День, когда мы увидели Бога - страница 2
Бог исчез с неба, но только для того, чтобы поселиться еще ближе – в самих людях. Он все чаще молчал, но вот чувство слежения никуда не исчезло, а наоборот, стало возрастать и тогда, утром пятницы, на стройных улицах города возникли первые баррикады, сваленные из мешков цемента. Это был протест. Против исчезнувшего лица, против горожан, против самих себя.
Если бы люди только знали, что знаменовала эта гряда мешков на центральной улице, то, должно быть, не были бы столь поспешны, но тогда ими руководила абсолютная противоположность любой добродетели и всевидящий Бог не сумел вразумить их. Дар разрушения, разгоревшийся невиданной силой в людях, взял верх и уже к вечеру у башен офисов были не только баррикады, но и первые, совершенно невообразимые для мирного культурного города погромы с разбитыми витринами и сожжёнными автомобилями. Весь город пылал яростью, назло совершая самые чудовищные преступления, пока, наконец, Бог не замолчал навсегда, оставив людей полагаться на свои собственные силы.
И люди положились.
Двор чудес
За металлическими воротами, туго открывшимися для двух путников, был будоражащий воображение город, яркий, необычный, освещенный сотнями красных, желтых, зеленых фонарей, натянутых от дома к дому, от постройки к постройке, от палатки к палатке. По правде говоря, настоящих домов в привычном понимании здесь было мало, основную площадь занимали торговые ряды, не прекращавшие свою деятельность даже ночью. Здесь, на деревянных и металлических прилавках, продавали специи, оружие, собак, дорогую одежду и, конечно, медикаменты с книгами. Если быть честным, большинство этих товаров получалось совершенно нелегально, но кому это интересно? За глаза город называли «Цирком» или «Шапито» из-за его пестроты, да и из-за людей, чьи профессии, по правде говоря, мало годились для приличных граждан.

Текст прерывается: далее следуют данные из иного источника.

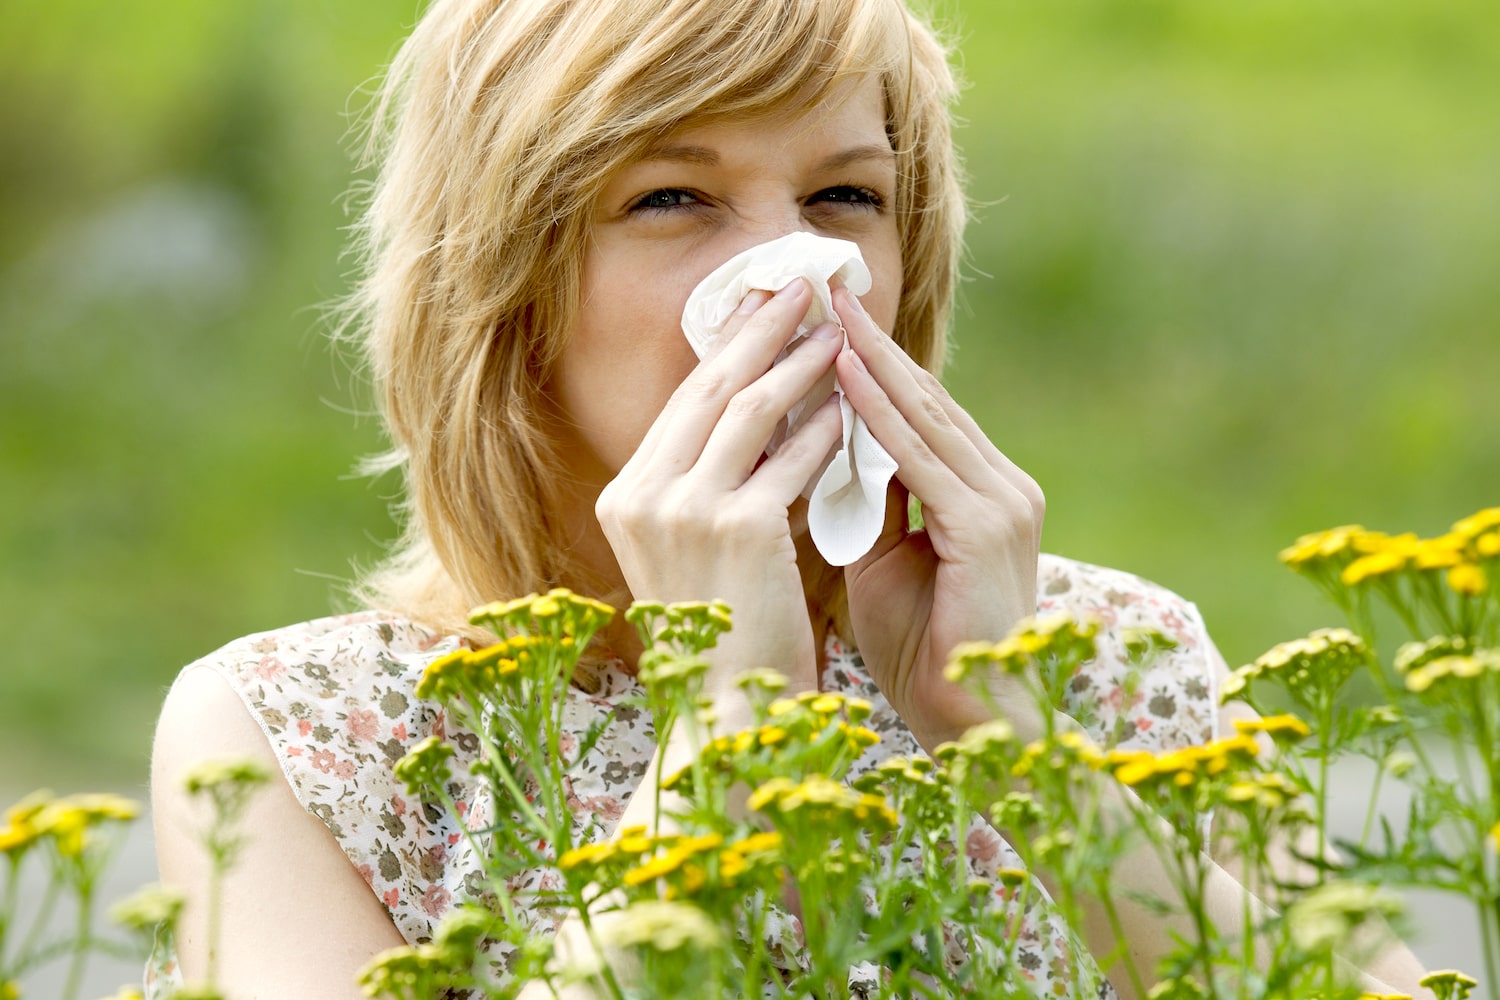 По оценкам различных экспертов, сезонным аллергическим ринитом при контакте с пыльцой растений страдают 10–25% россиян. Причиной является поллиноз: хроническое заболевание с воспалением слизистых оболочек глаз и дыхательных путей, преимущественно вер...

Вдалеке, если, не сворачивая, идти по центральной улице, виднелись три единственных полноценных дома, высоких, в десять этажей. Они были разрисованы цветами и животными целиком, так что впервые побывав здесь казалось, что вы посетили квартал художников. В принципе, это так и было, умевшие рисовать люди ценились здесь очень высоко, наравне с искуснейшими убийцами и женщинами. Цвета, яркие, насыщенные, были визитной карточкой города, по цветам же и определяли статус человека.
– Эй, парень, не хочешь «пыльцы»? Хорошая, сам видел, как чистили! После такой точно улет будет!
Толстый мужик, потрясывая брылями, точно у собаки, вышел из-за разноцветного навеса и подошел к двум людям, стоящим спиной у другой лавочки, на боковине которой значился недвусмысленный рисунок красно-белой пилюли и положил руку на плечо мальчишки.
– Эй, парень, что молчишь? Язык проглотил? – не унимался тот, пока, наконец, вместо юноши не повернулся другой, более высокий человек.
– Тебе сразу кишки выпустить или сам поймешь, что пора отвалить? – сказал мужчина, постукивая пальцем по кобуре.
Мужик отступил и, почтительно улыбнувшись, вернулся за свой грязный прилавок, продолжив беседу оттуда:
– Да так бы сразу и сказал, что он с тобой. Я-то что? А вы, господин, не хотите ли…
– Нет! – оборвал его мужчина и торговец мгновенно переключился на других, выискивая себе новую жертву.
Воздух провонял здесь неизвестными химикатами и то и дело двоим приходилось прикладывать к лицу влажные тряпки, чтобы не травить и без того настрадавшиеся легкие. Повернувшись обратно к прилавку с медикаментами, у которого они стояли, мужчина осторожно положил на гладкую поверхность мешок из лодки и, развязав тесемку, вынул все, что было под свет лампы, которую держал в своей исхудалой руке помощник фармацевта. Это был молодой парень в белом накрахмаленном халате, так резко отличавшемся своей чистотой и опрятностью от прочих людей на этой улице, со светлыми волосами, аккуратно убранными назад и в очках тонкой оправы. Всем своим видом он напоминал земского врача прошлого столетия и потому внушал некоторую степень доверия.